▶ _Exercise prompt_: The full listing is to be transcribed exactly, with each picture left out.

▶ _Dataset content_:

=-=-=-=-=

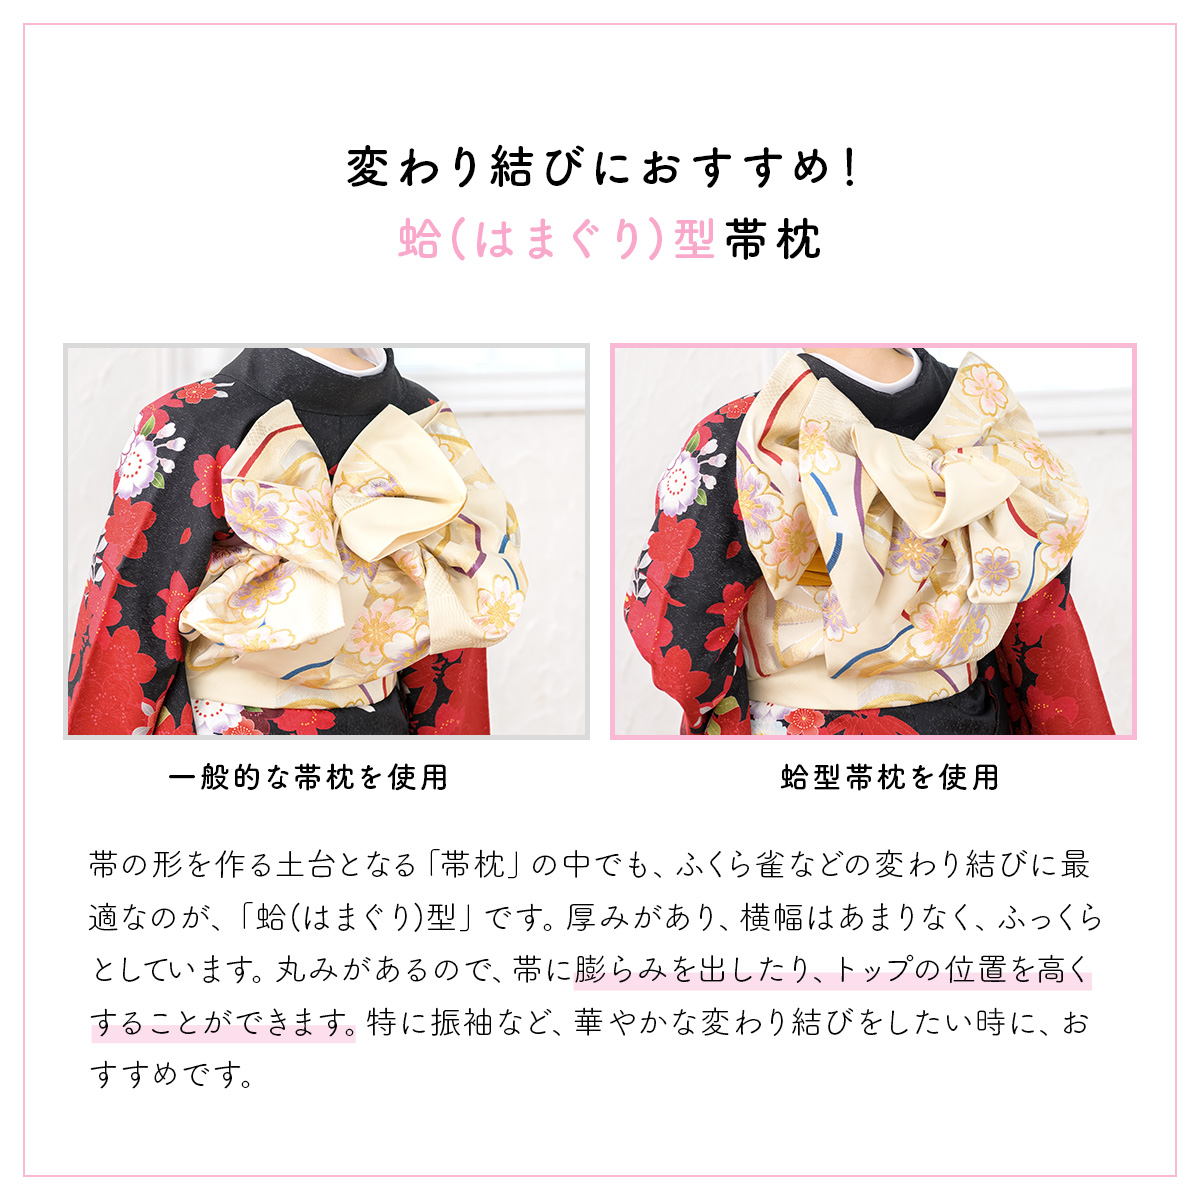 Polyurethane belt pillow with gauze quinceañera furisode kimono clam shell type kimono accessories dressing accessories furisode
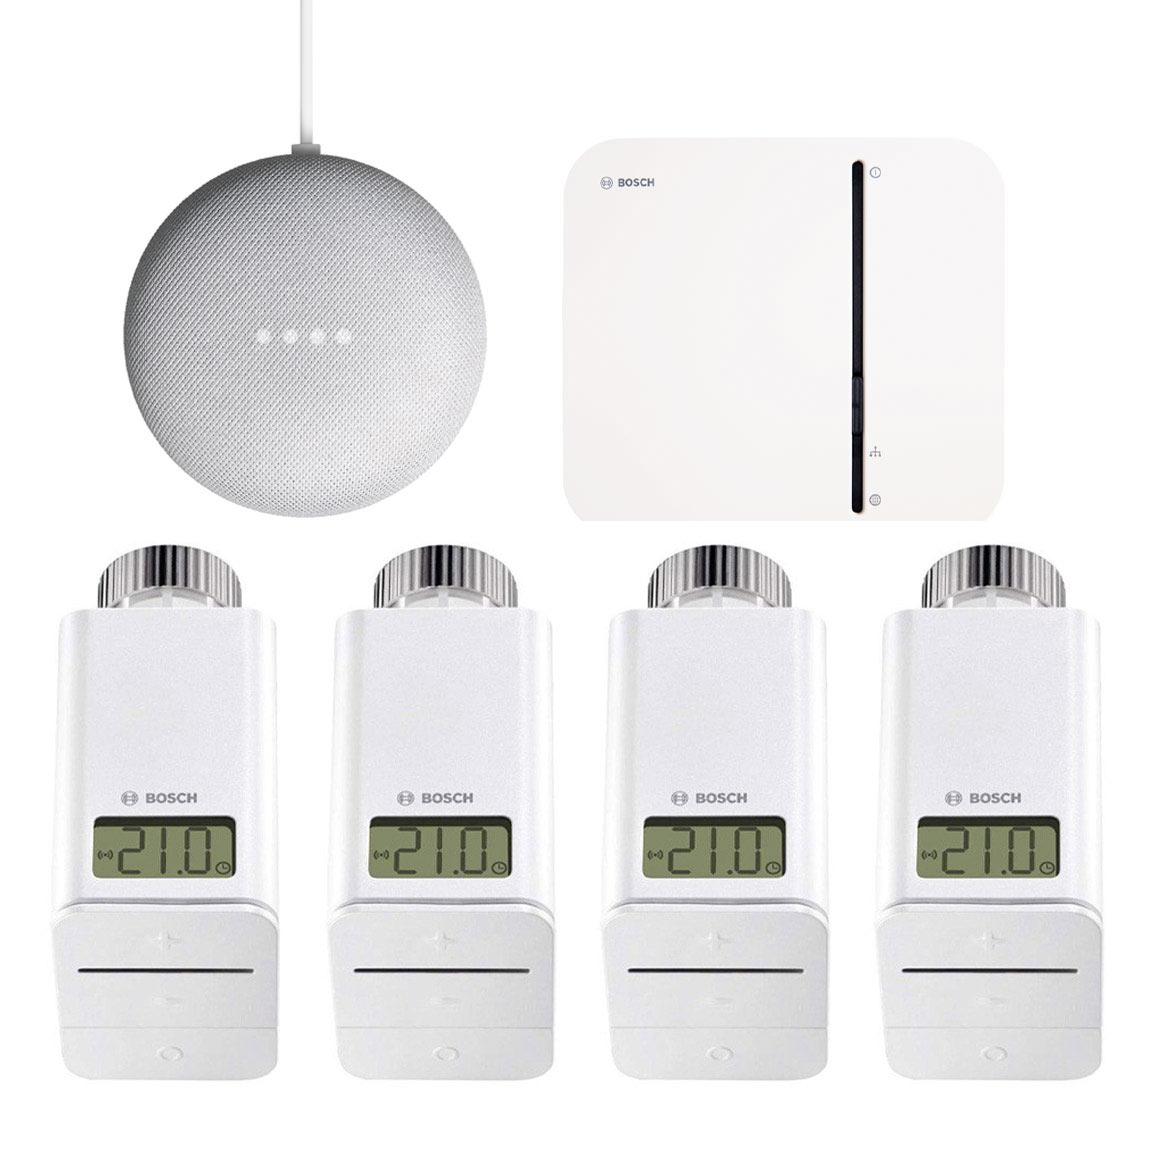 Bosch Smart Home - Starter Set Heizung + gratis Google Nest Mini + gratis Twinguard + Twist
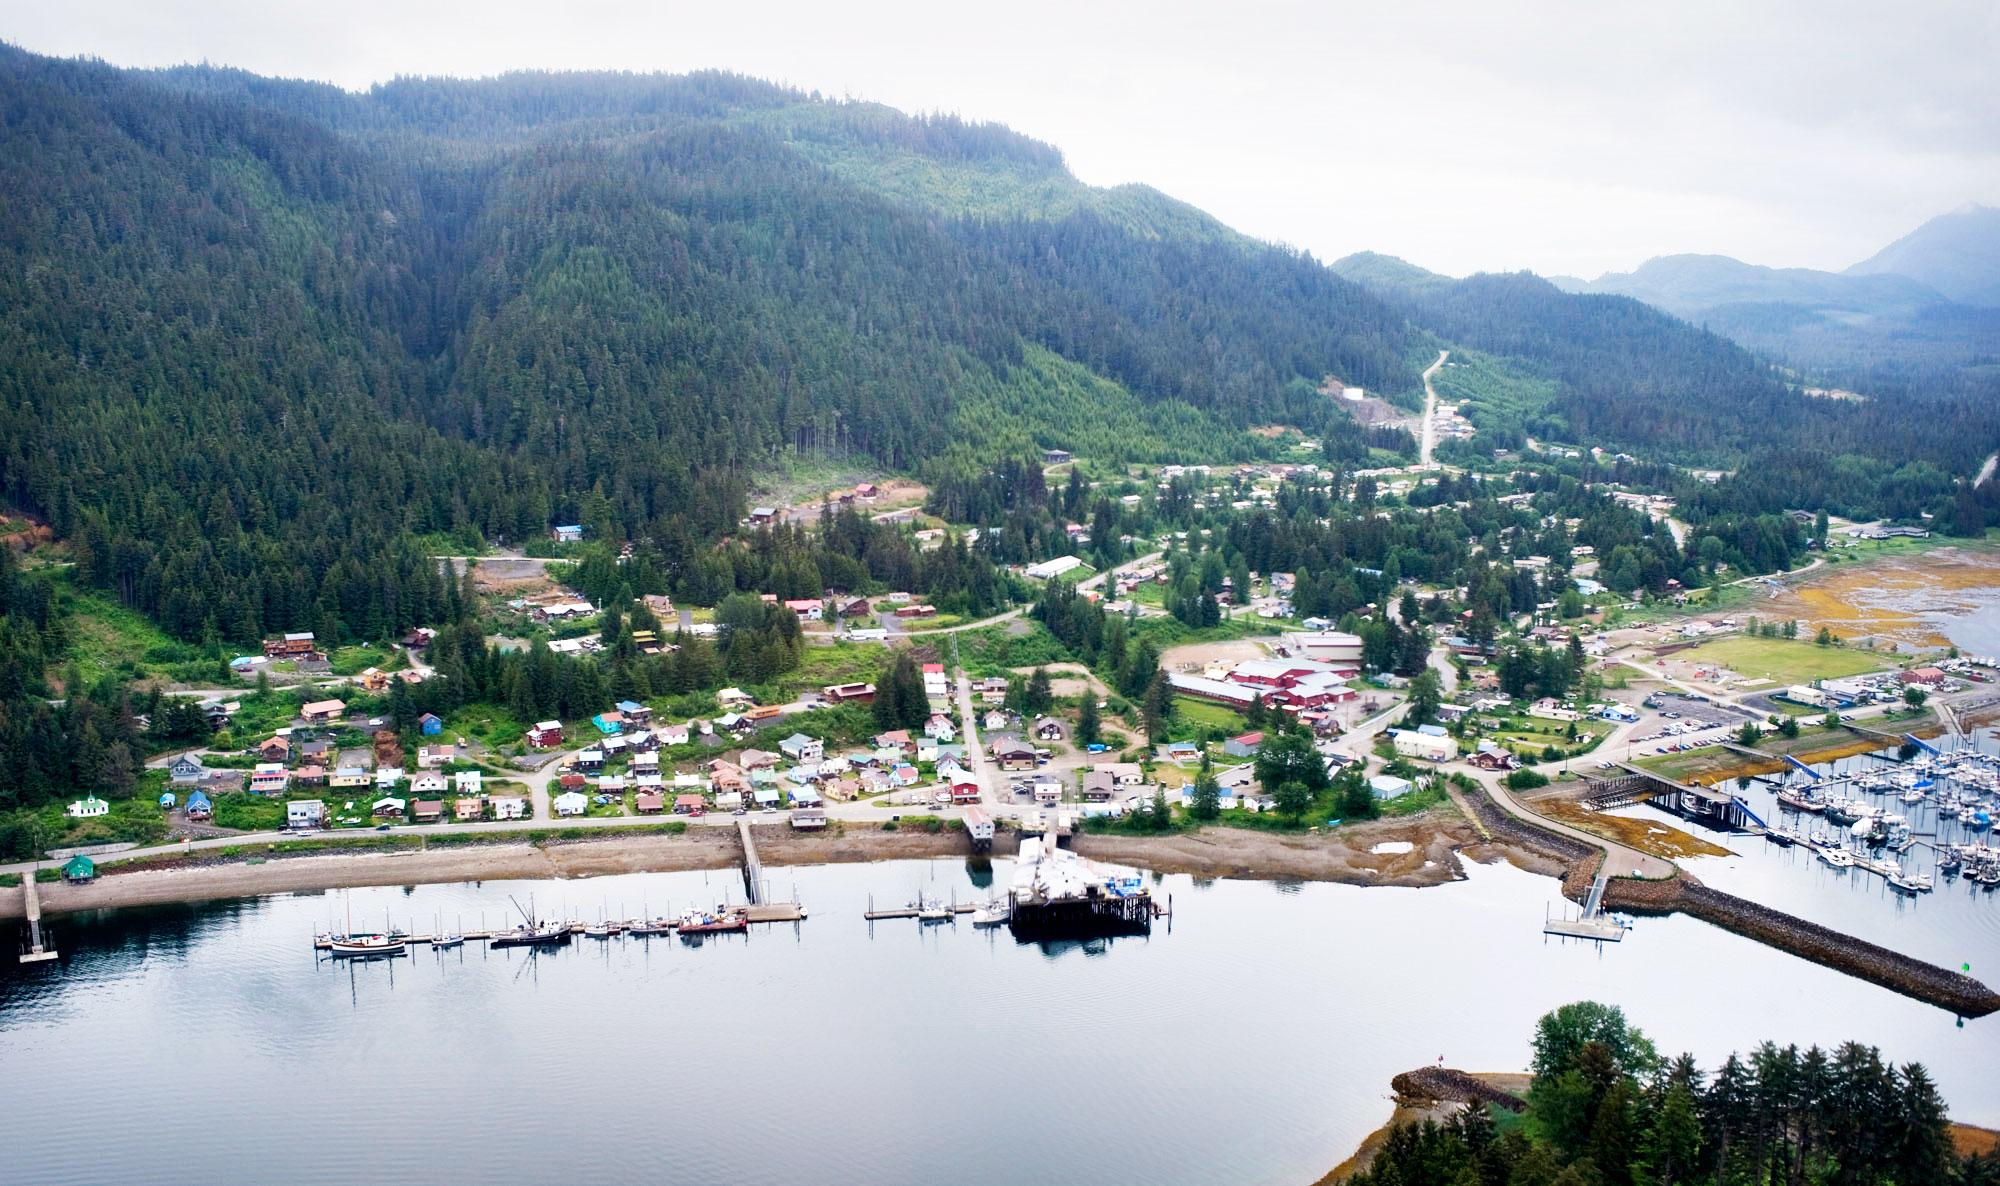 Aerial photo of Juneau, Alaska
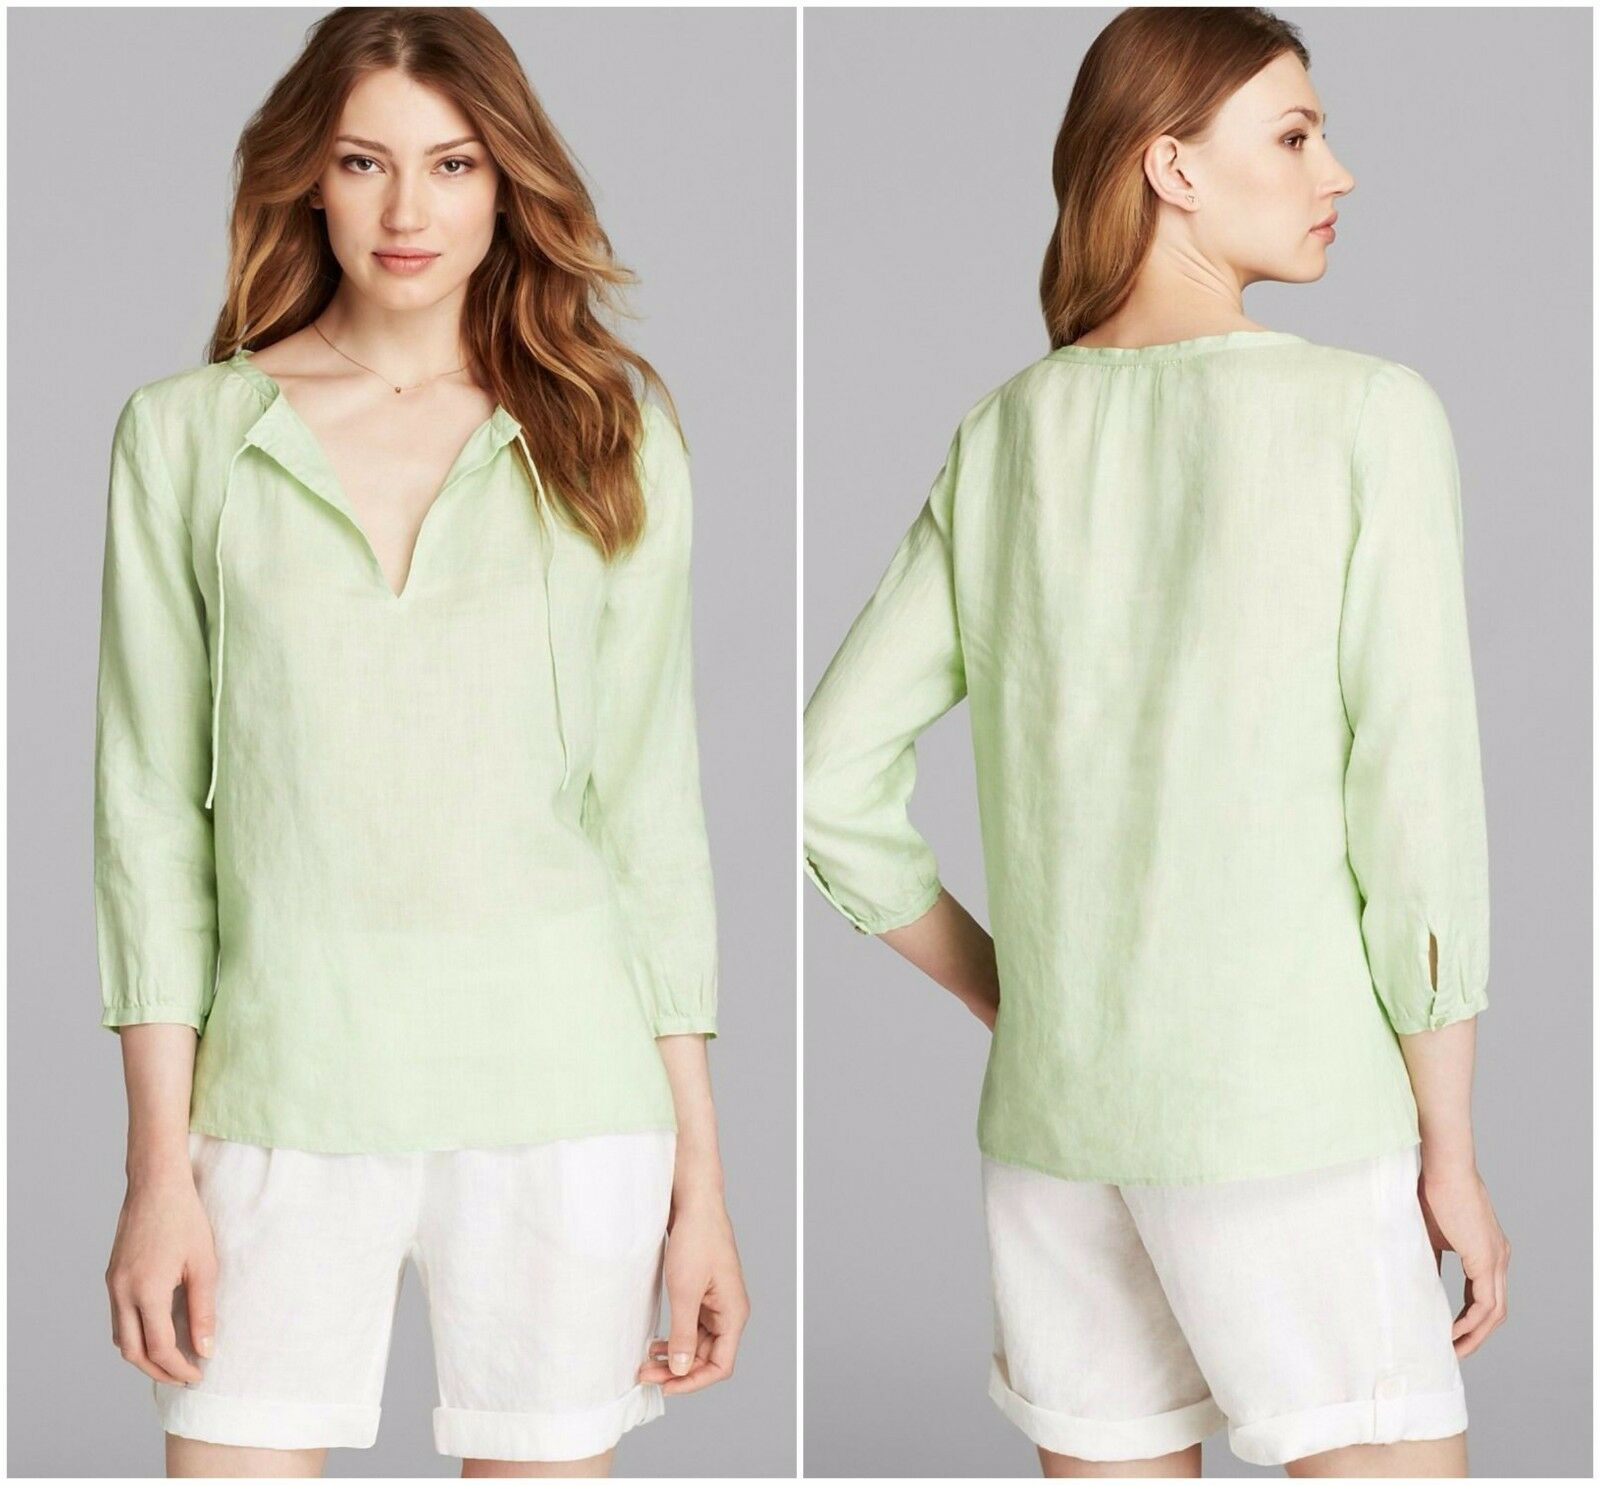 NWT EILEEN FISHER  P P  Pale Leaf Grün Irish Linen Box Top  Tunic Shirt XS

=-=-=-=-=

▶ _Task solution_:
 Polyurethane belt pillow with gauze quinceañera furisode kimono clam shell type kimono accessories dressing accessories furisode
 Bosch Smart Home - Starter Set Heizung + gratis Google Nest Mini + gratis Twinguard + Twist
 Aerial photo of Juneau, Alaska
 NWT EILEEN FISHER  P P  Pale Leaf Grün Irish Linen Box Top  Tunic Shirt XS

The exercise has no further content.